LO[0]: New language for initial compiler

/ prev next 2022-01-03 #lo

It may be strange to start the DevLog with a decision to switch to the new language but it is also my first programming related post so I guess it is better late than never.

TypeScript POC results

After doing a POC containing hello-world emitted to LLVM IR from a compiler written in TypeScript/Node.js I noticed that Node.js does not have a great support for C FFI.

Stuff that I tried:

using llvm-bindings library:
- GOOD: interface looks nice and feels like working with with C++ library directly
- GOOD: performance is nice: testing hello-world compilation takes less than 2 seconds
- BAD: inheritance is not implemented and thus some features are missing: getting value type is not possible as ConstValue extends Value and so on.
using llvm-c API through node-ffi-napi ffi library:
- GOOD: I am using the same approach as the self-hosted compiler will use thus making it easier to port later
- GOOD: Having more control over what is happening (including specifying llvm lib path) and having access to all functions exposed in llvm-c (including getting value type)
- a bit annoying: C API only exposes one type for all values (LLVMValueRef) which basically means losing a lot of type safety and need to track value attributes (such as function name for example) separately or needing to write even more wrappers to get around this
- BAD: Having to write a bunch of glue code to wrap llvm-c to more usable interface
- BAD: PERFORMANCE: this one was a deal breaker. Testing hello-world compilation took 13 seconds minimum, this includes:
  - around 5 seconds of loading libLLVM module (wrappers)
  - 1 second overhead of calling C function 😠, this is not acceptable at all
using llvm-c API with sbffi library (alternative to node-ffi-napi): It claims to be faster than ffi-napi (<100ms overhead) but does not support most of the functionality of ffi-napi. Even more glue code to support strings and array pointers is not something I decided to do (even though it may work).

Dropping Node

So the final decision was:

not to use Node 😢 when you need C FFI

It does have native plugins feature though. Which is basically writing glue code in C++. But instead of doing that I could have just used C++ directly 🤦.

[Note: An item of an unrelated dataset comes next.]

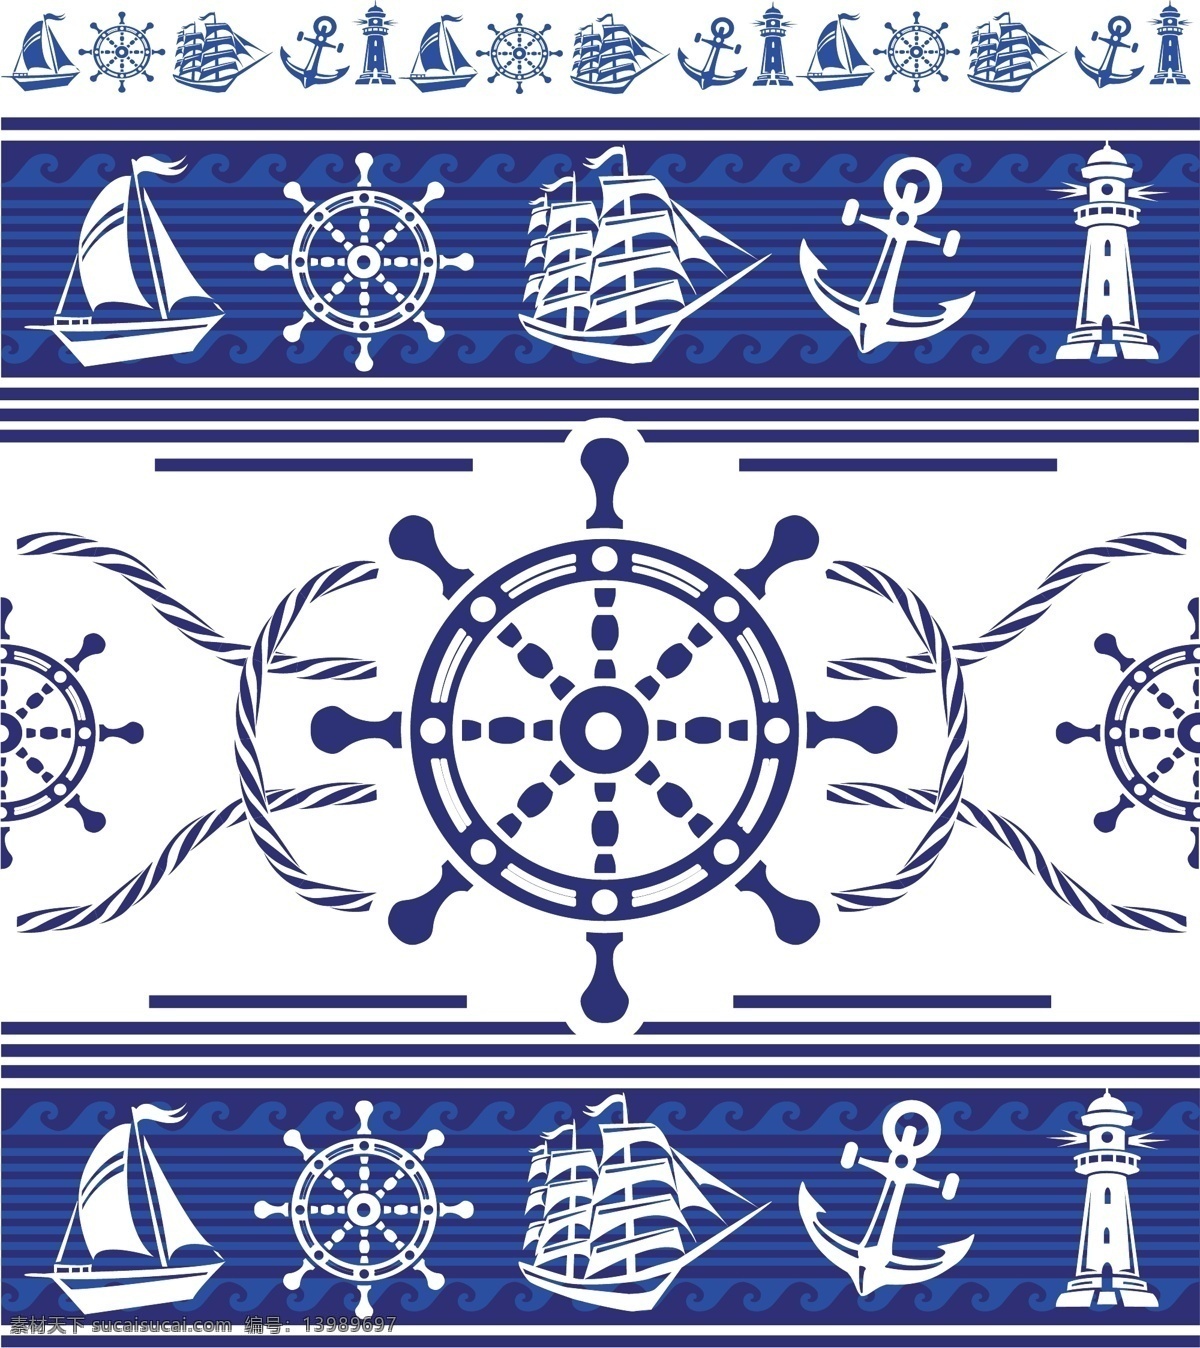 船驼 船锚 航海母舰 励志海报 文化栏 灯塔 帆船 矢量 矢量素材 矢量航海素材

So the next decision was to pick a better language/platform for the initial compiler. Options: Deno, Rust, C++, something from JVM, Python 🤮.

Deno

I could keep the parser and some of the compiler code and also using TypeScript is nice but looking at FFI Docs I immediately rejected this option as it basically has all problems of sbffi (plus unknown performance).

C++

C++ would be a good choice probably because it would have native support for working with llvm, including both C and C++ APIs. But I have never actually worked with C++ other than doing some assignments in uni. Also I think that working with generics in C++ is a lot noisier than any other language that I know. I might consider trying it later if other options won't work.

JVM language

As I have some experience with Java (around 2 years of doing Android/LibGDX personal projects) a JVM language could have been an option. Kotlin or Scala specifically, not Java though as it is too verbose compared to others. There seems to be up to date lvm 13 bindings which are using llvm-c API.

Kotlin

Deal breaker for Kotlin: IDE support. JetBrains are apparently too greedy to make an open-source Kotlin language server so there is only a community version of that. As I would like to keep my VSCode setup and have decent experience I decided to skip this option.

Scala

Scala on the other side seems to have an official VSCode extension. It is also one of the few languages with HKT support so it is possible to write a really cool parser implementation using monads. Hmm, looks like it does not have any obvious downsides (other than lack of experience using it), could be a good option.

Python

There seems to be some support for C FFI. But because I kinda hate Python (as a JS developer) it would only be an option if it had a great C FFI. But reading the ffi docs. It looks to be only slightly better than node-fii-napi, so it was a no no for Python.

Rust

FFI seems to be nice, and there are even some libraries for using llvm which could be good for quick prototyping. I tried to something using Rust (including attempts to make a programming language) and it is a pretty good developing experience (when borrow checker is in a good mood). Performance is definitely a bonus, but while developing compile times should also be added - which are not the strongest side of Rust. Also VSCode extension is nice

Decision: Rust vs Scala (tldr: it's Scala)

While trying to decide on which language to choose I found this thread which was helpful in making this choice.

So, main downside of Rust is development speed as it forces you to think about memory safety and type safety in general, which is actually good if you need top performance and robustness but it is not something I would like to think about for initial compiler (which will be trashed at some point).

And the main downside of Scala is startup performance (around 2 second no matter the project size). But there is seems to be a way to fix that by using Scala Native. Not sure about how much of a problem it is to switch back and forth though.

I really wanted to go with Rust again (I even waited for Rust dev container to build) but because Scala is new to me (and has less subjective downsides) I decided to go that route.